Supported Dimensions: 64-8192 (covers MiniLM, BERT, OpenAI, DeepSeek-V3, etc.)

High-Throughput Mode:

# Disable sync for 456x faster writes (use for bulk ingestion)
store = VectorStore("vectors.db", dimensions=768, sync_on_write=False)

# Context manager support (auto-saves index on exit)
with VectorStore("vectors.db", dimensions=768) as store:
    store.insert("doc1", embedding)
# Index automatically saved

MmapVectorStore (Ultra-High-Throughput)

For maximum write throughput (7x faster than VectorStore):

from synadb import MmapVectorStore
import numpy as np

# Pre-allocate capacity for best performance
store = MmapVectorStore("vectors.mmap", dimensions=768, initial_capacity=100_000)

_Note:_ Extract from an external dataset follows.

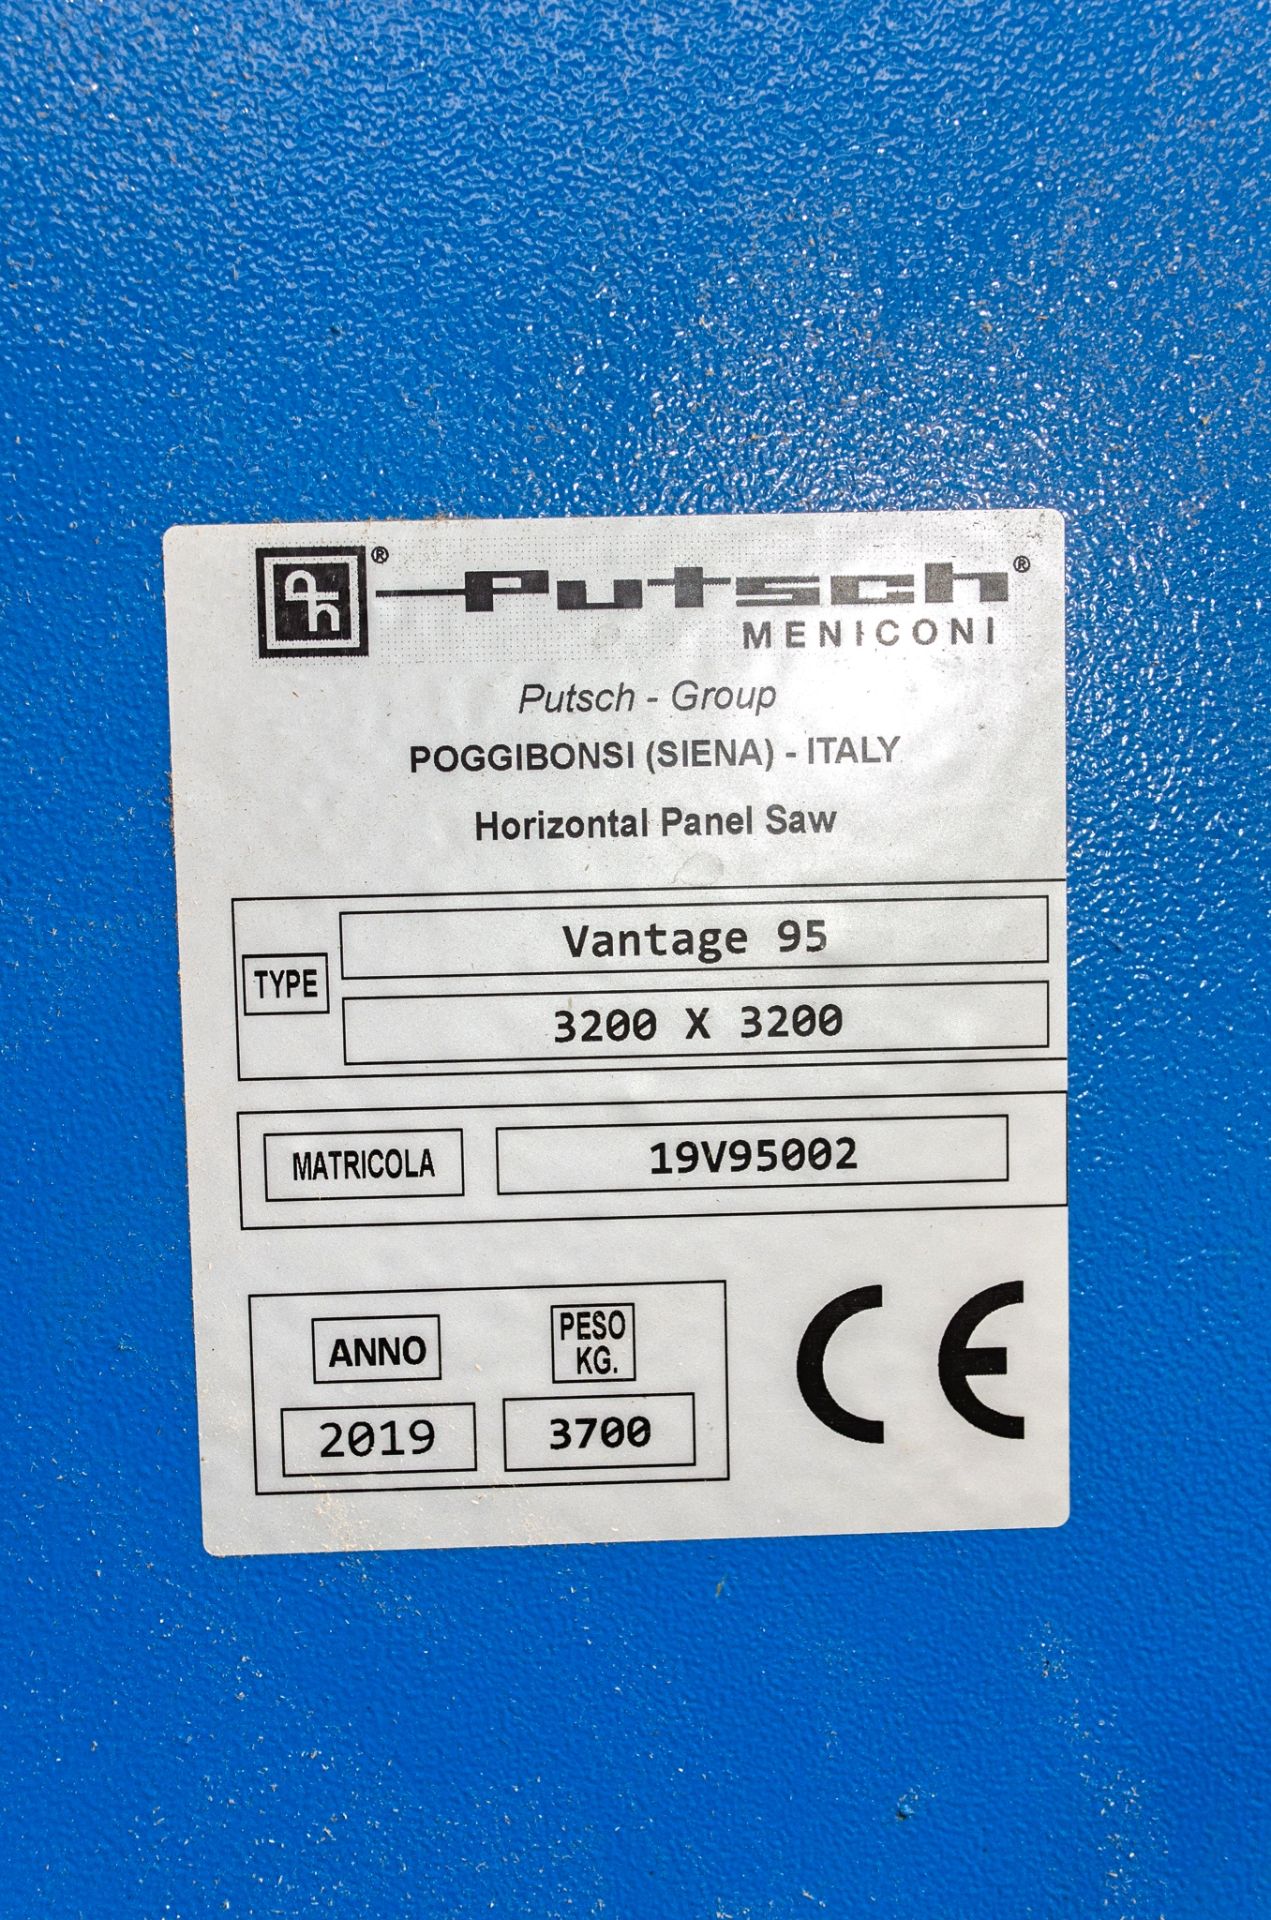 Putsch Meniconi Vantage 95 horizontal panel saw Year: 2019 S/N: 19V95002 c/w conveyor feed system ( - Image 14 of 14

# Batch insert for maximum throughput
keys = [f"doc_{i}" for i in range(10000)]
vectors = np.random.randn(10000, 768).astype(np.float32)
store.insert_batch(keys, vectors)  # 7x faster than VectorStore

# Build index for fast search
store.build_index()

# Search
results = store.search(query, k=10)  # 0.6ms

Benchmark Results (10,000 vectors):

Model Dims Write/sec Search Storage
MiniLM 384 766,642 0.3ms 18.8MB
BERT 768 489,733 0.6ms 34.9MB
OpenAI ada-002 1536 278,369 1.4ms 67.2MB

Trade-offs vs VectorStore:

Aspect VectorStore MmapVectorStore
Write speed ~67K/sec ~490K/sec
Durability Per-write Checkpoint
Capacity Dynamic Pre-allocated

Gravity Well Index (Fastest Build Time)

For scenarios where index build time is critical (faster than HNSW):

from synadb import GravityWellIndex
import numpy as np

# Initialize with sample vectors (required for attractor placement)
sample_vectors = np.random.randn(1000, 768).astype(np.float32)
gwi = GravityWellIndex("vectors.gwi", dimensions=768)
gwi.initialize(sample_vectors)

# Insert vectors (O(N) build time)
keys = [f"doc_{i}" for i in range(50000)]
vectors = np.random.randn(50000, 768).astype(np.float32)
gwi.insert_batch(keys, vectors)  # 46K vectors/sec

# Search with configurable recall
results = gwi.search(query, k=10, nprobe=50)  # 98% recall, 0.5ms
results = gwi.search(query, k=10, nprobe=100)  # 100% recall, 0.8ms

GWI vs HNSW Build Time (50K vectors):

Model GWI Build HNSW Build Speedup
MiniLM (384d) 1.5s 272s 186x
BERT (768d) 3.0s 504s 168x

When to use GWI:

  • Index build time is critical
  • Data is streaming/real-time
  • Append-only storage required

When to use HNSW:

  • Search latency is critical
  • Index built once, queried many times
  • Highest recall required

Cascade Index (Experimental)

For balanced performance across build time, search speed, and recall:

from synadb import CascadeIndex
import numpy as np

# Create with preset configuration
index = CascadeIndex("vectors.cascade", dimensions=768, preset="large")

# Or custom configuration
index = CascadeIndex("vectors.cascade", dimensions=768,
                     num_hyperplanes=16, bucket_capacity=128, nprobe=8)

# Insert vectors
keys = [f"doc_{i}" for i in range(50000)]
vectors = np.random.randn(50000, 768).astype(np.float32)
index.insert_batch(keys, vectors)

# Search
query = np.random.randn(768).astype(np.float32)
results = index.search(query, k=10)

# Save and close
index.save()
index.close()

Configuration Presets:

Preset Use Case Build Speed Search Speed Recall
small <100K vectors Fast Fast 95%+
large 1M+ vectors Medium Fast 95%+
high_recall Accuracy critical Slow Medium 99%+
fast_search Latency critical Fast Very Fast 90%+

Architecture:

  1. LSH Layer - Hyperplane-based locality-sensitive hashing with multi-probe
  2. Bucket Tree - Adaptive splitting when buckets exceed threshold
  3. Sparse Graph - Local neighbor refinement for final ranking

When to use Cascade Index:

  • Need balanced build time and search speed
  • Want tunable recall/latency trade-off
  • Working with medium to large datasets (100K-10M vectors)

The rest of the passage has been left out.